Constantly improving through reinforcement learning
Every LLM, and every use of generative AI, is a work in progress. For Rufus to become more helpful over time, it needs to learn which responses are helpful and which can be improved. Through a process called reinforcement learning, customers can be the best source of that information. Amazon encourages customers to give Rufus feedback, letting the model know if they liked or disliked answers. Over time, Rufus learns from customer feedback and improves its responses, generating answers that better help customers shop.
Low latency and high throughput with Amazon’s AI chips
Rufus needs to be able to engage with millions of customers simultaneously without any noticeable delay. This is particularly challenging since generative-AI applications are very computationally intensive, especially at Amazon’s scale.
To minimize latency while maximizing throughput, we turned to Amazon’s Trainium and Inferentia chips, which are integrated with core AWS services.
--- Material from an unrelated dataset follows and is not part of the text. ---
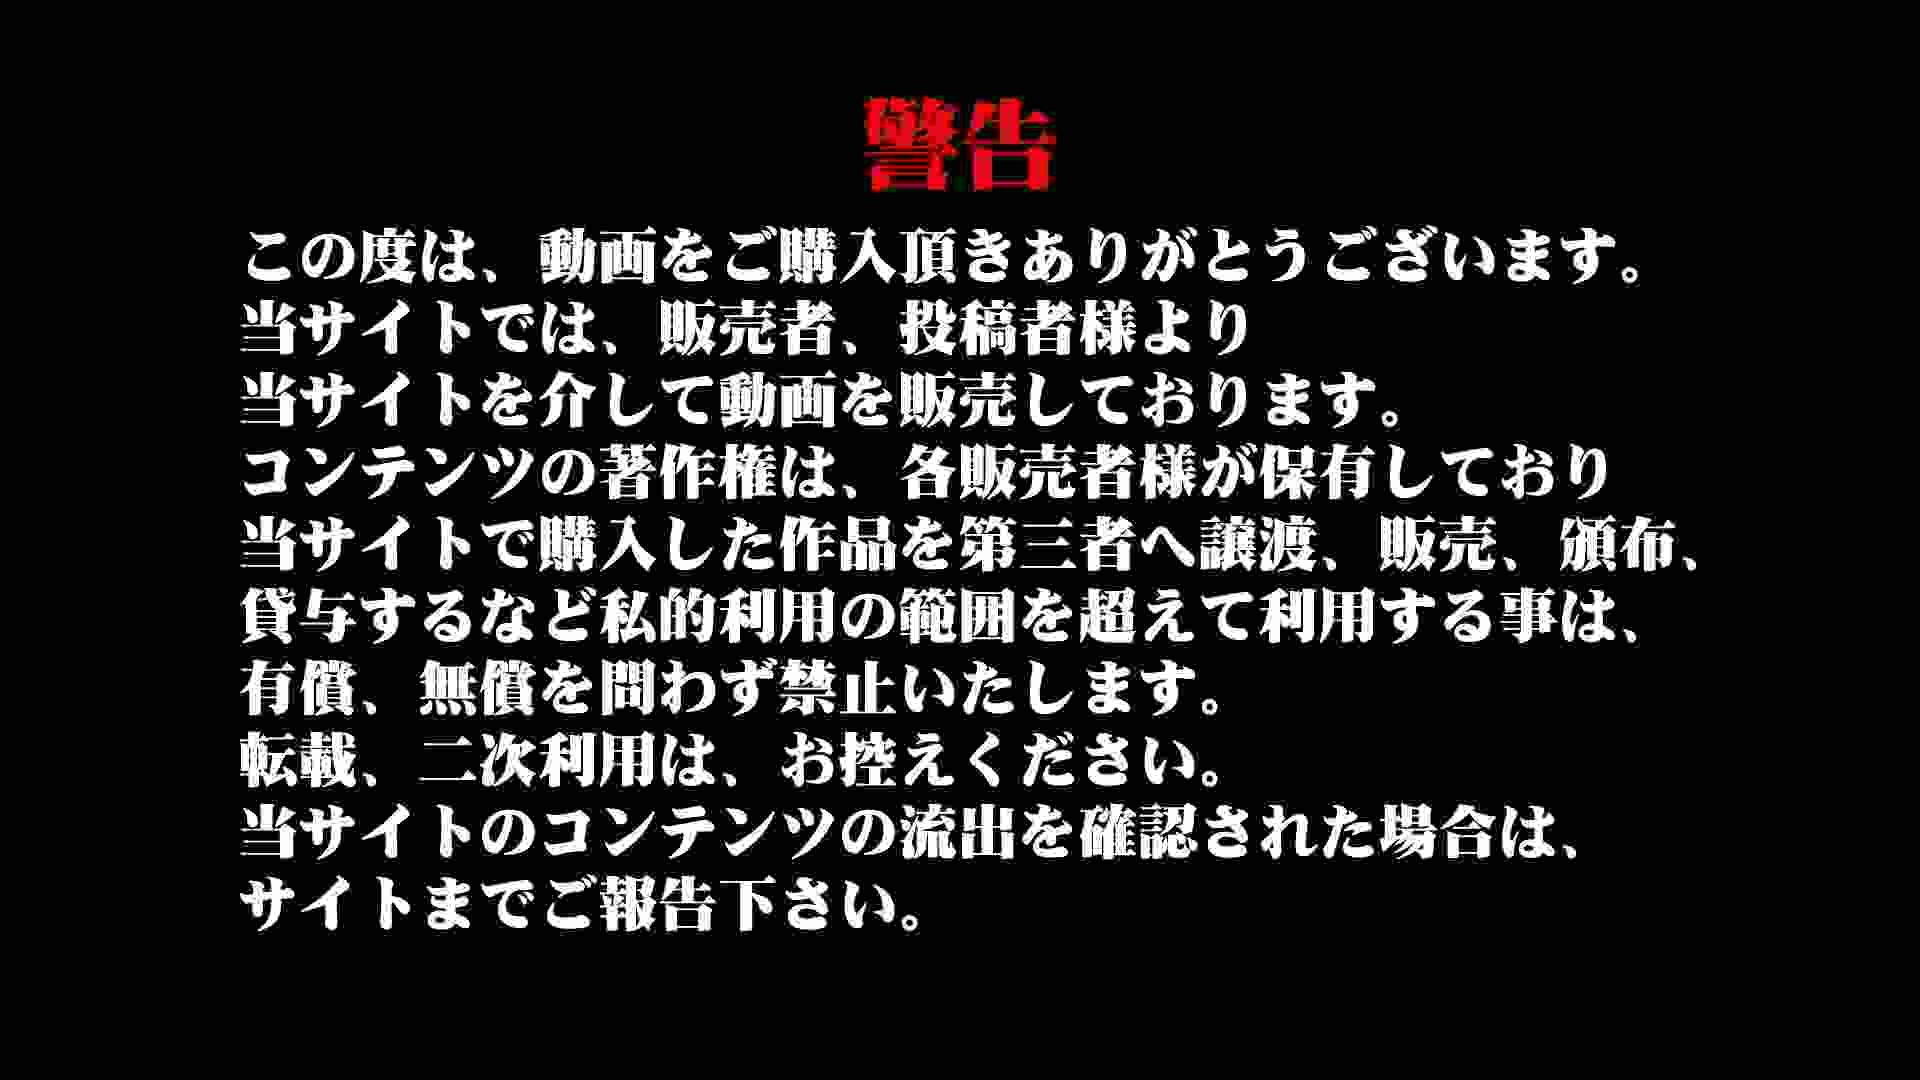 Aquaな露天風呂Vol.963 盗撮シリーズ  108PIX 4

We collaborated with the Neuron compiler team to implement optimizations that improve model inference efficiency, and we’ve made those optimizations available to all AWS customers. Choosing Amazon’s homegrown AI chips allowed our team to move quickly, deploy at scale, and keep pace with customer demand.
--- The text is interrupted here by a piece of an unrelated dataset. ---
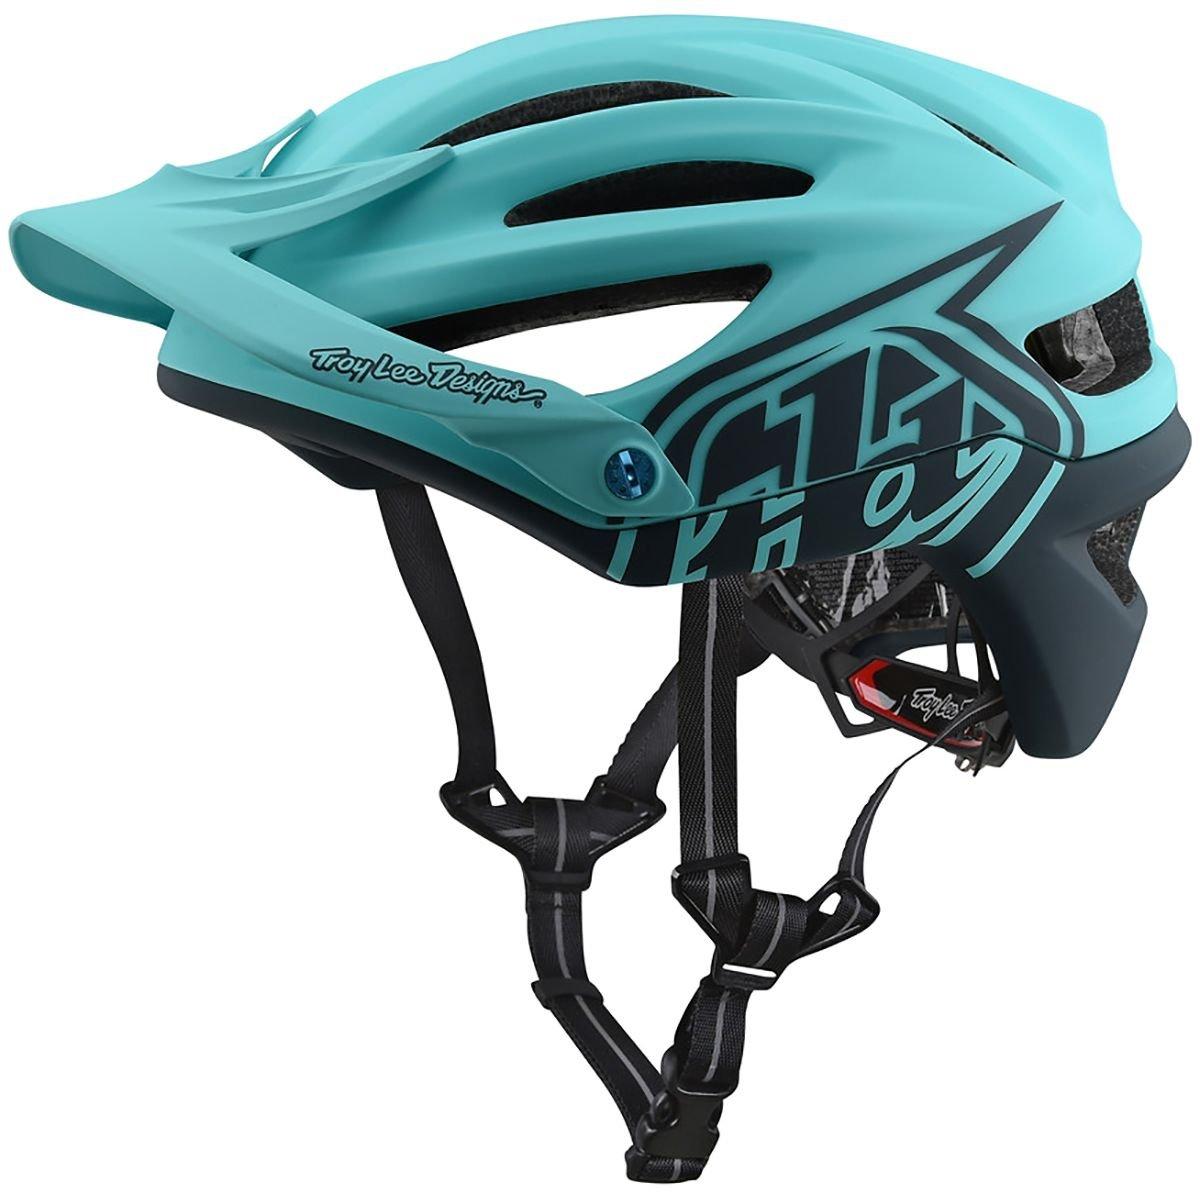 2018トロイリーデザインA2 MIPSおとり自転車ヘルメットアクアM/L   B079CF4NRQ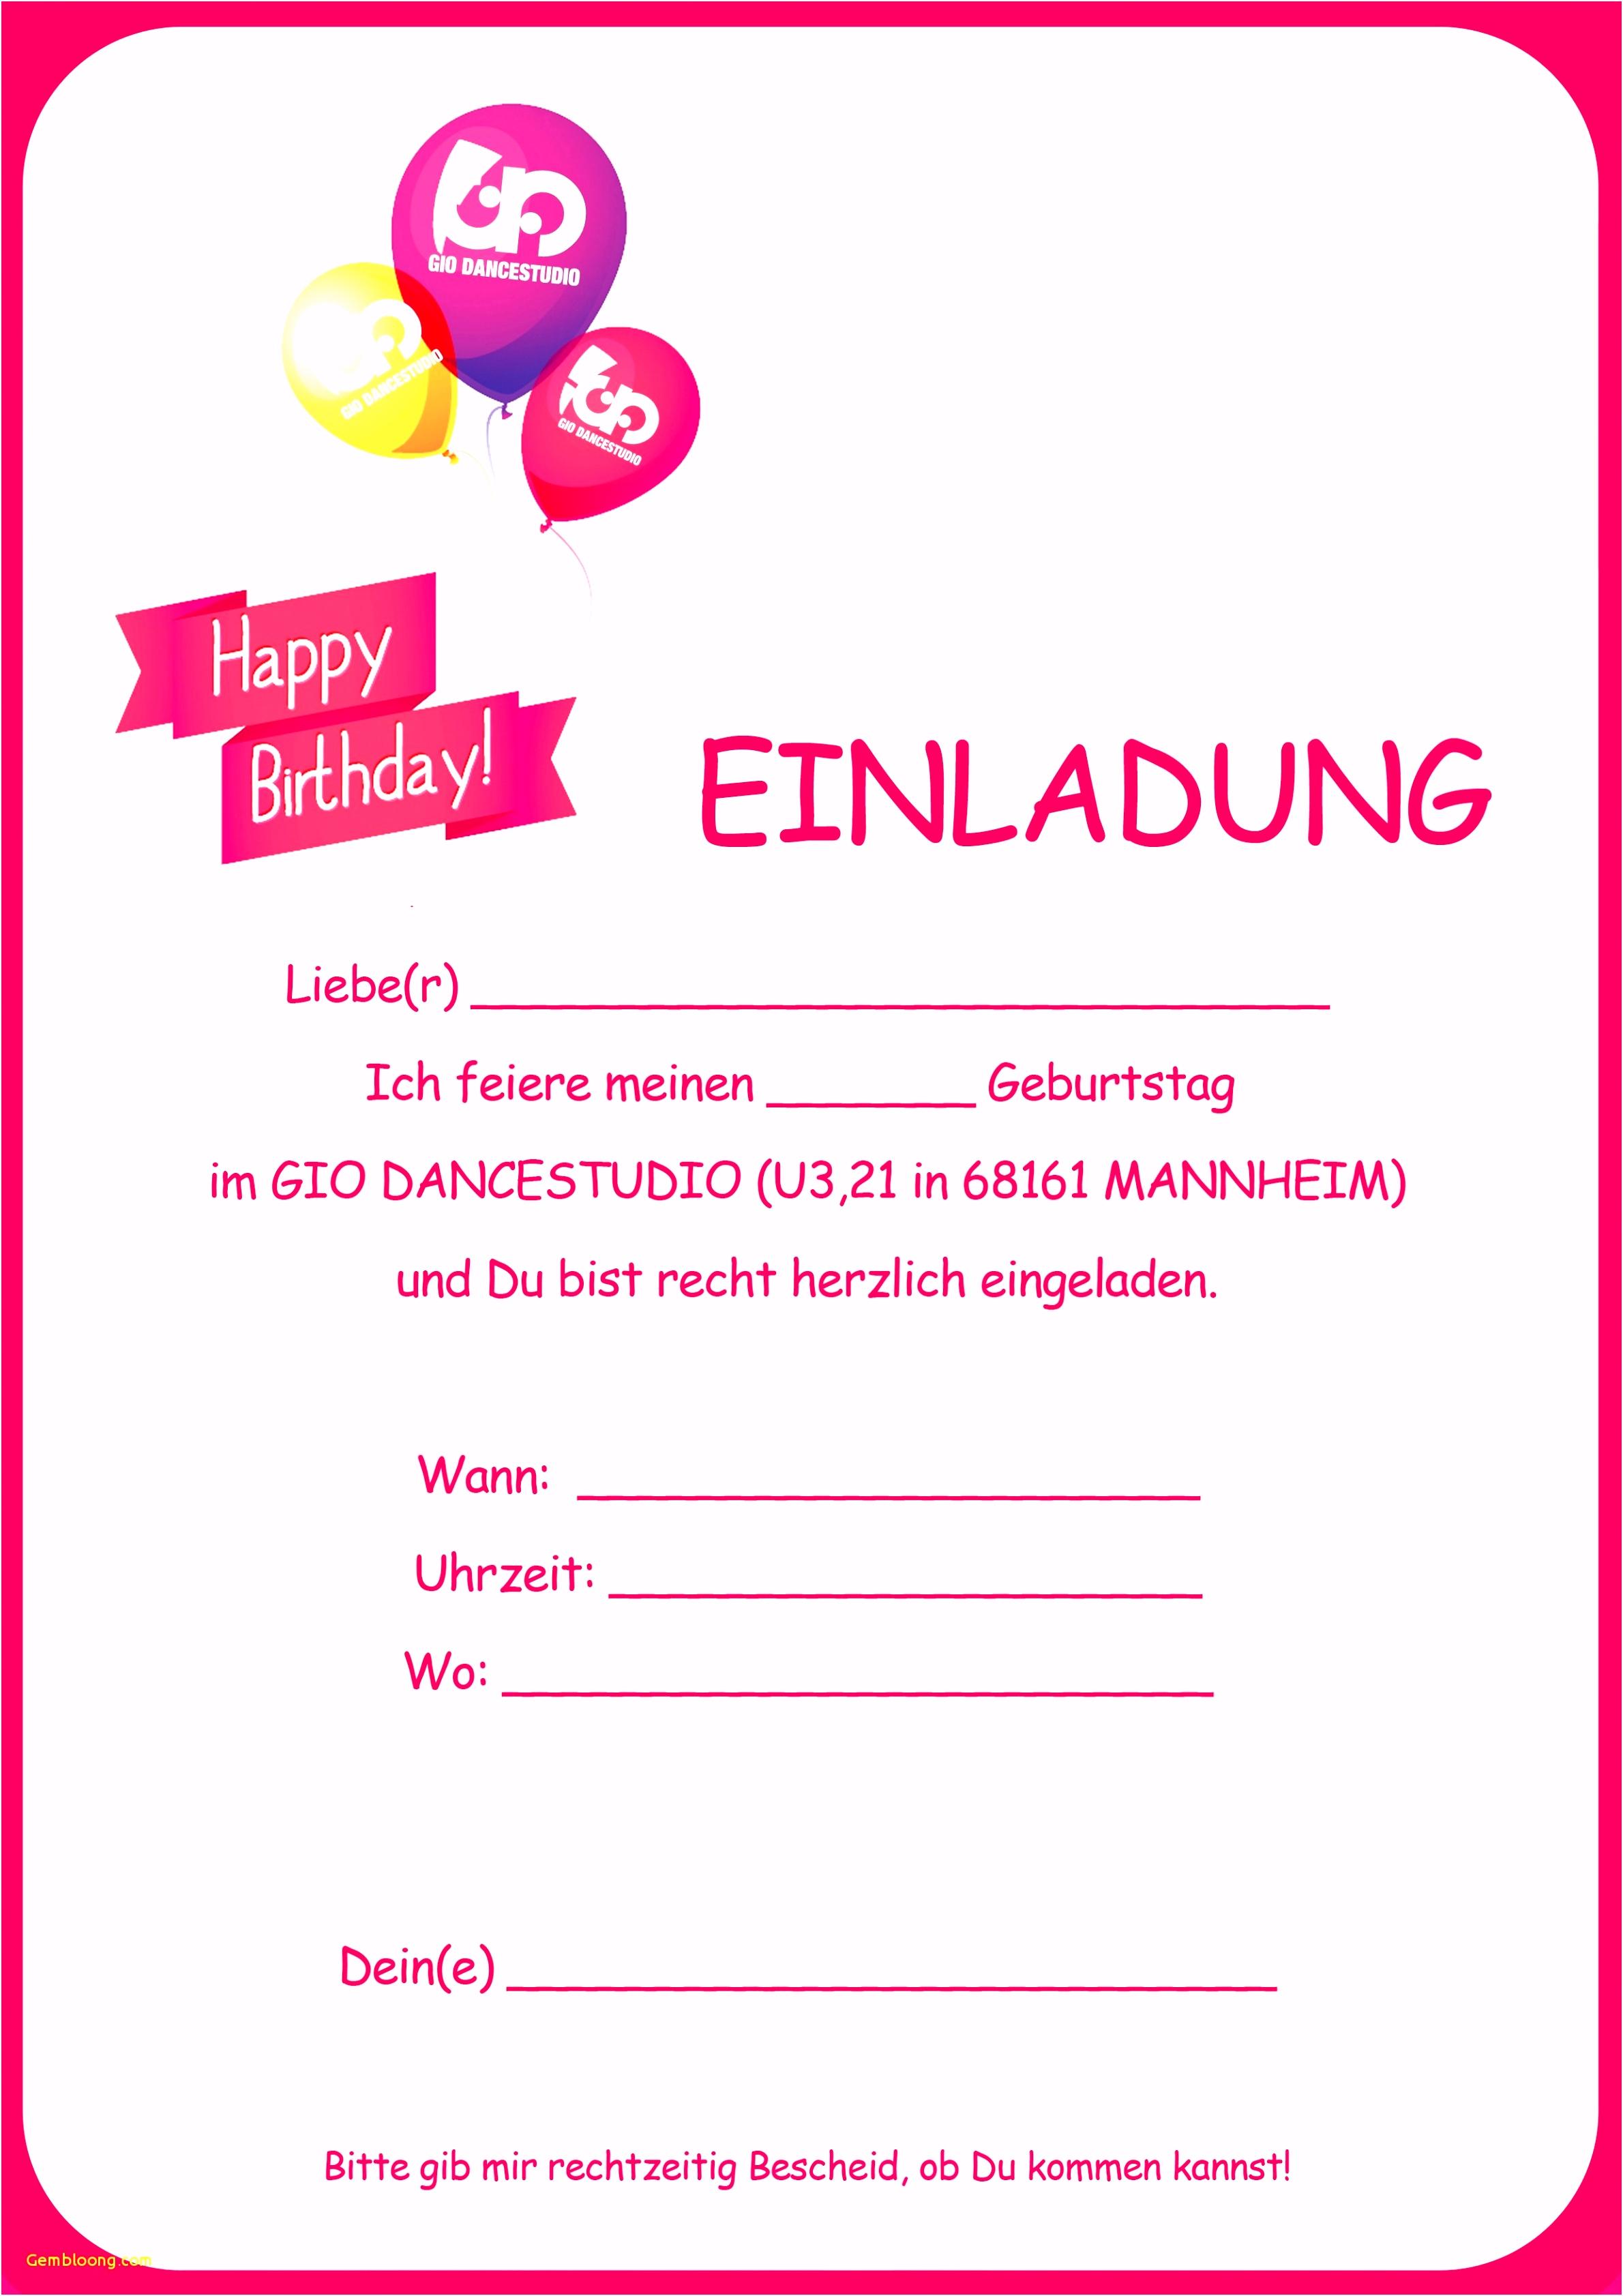 Einladung Geburtstag 30 Vorlage Einladung 30 Geburtstag Vorlage Neu Absage Einladung Geburtstag Neu V8ha73krt1 Y4rd0mkqw6

With LLMs, however, throughput and latency can still be compromised by standard methods for processing requests in batches. That’s because it’s difficult to predict how many tokens (in this case, units of text, such as words or punctuation marks) an LLM will generate as it composes a response. Our scientists worked with AWS to enable Rufus to use continuous batching, a novel LLM inference-specific technique that makes routing decisions for new requests after every token is generated. This enables the model to start serving new requests as soon as the first request in the batch finishes, rather than waiting for all the requests to finish, so shoppers get their answers faster.
Streaming architecture
We want Rufus to provide the most relevant and helpful answer to any given question. Sometimes that’s a long-form text answer, but sometimes it’s short-form text, or a clickable link that helps the customer navigate the store.
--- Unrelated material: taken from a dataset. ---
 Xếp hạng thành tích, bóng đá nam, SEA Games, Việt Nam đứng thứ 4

Presenting the answer in a way that’s easy for the customer to interpret presents its own technical difficulties. The information needs to follow a logical flow. If we didn’t group and format things correctly, we could end up with a confusing response that’s not very helpful.
With an advanced streaming architecture, Rufus is able to provide a natural customer experience. End-to-end streaming on a token-by-token basis means that customers don’t need to wait for a long answer to be fully generated. Instead, they get the first part of the answer while the rest is still in progress. Rufus will populate the streaming response with the right data — a process called hydration — by making queries to internal systems. It is trained to generate markup instructions that specify how various answer elements should be displayed, in addition to answering the customer question, resulting in a uniquely useful experience for the customer.
Even though Amazon has been using AI for more than 25 years to improve the customer experience, generative AI represents something new and transformative—for Amazon, its customers, and those of us on science teams that get to build experiences beyond what we thought were possible. We are excited to accelerate our pace of innovation for customers with generative AI and believe it will transform every customer experience in the months and years to come.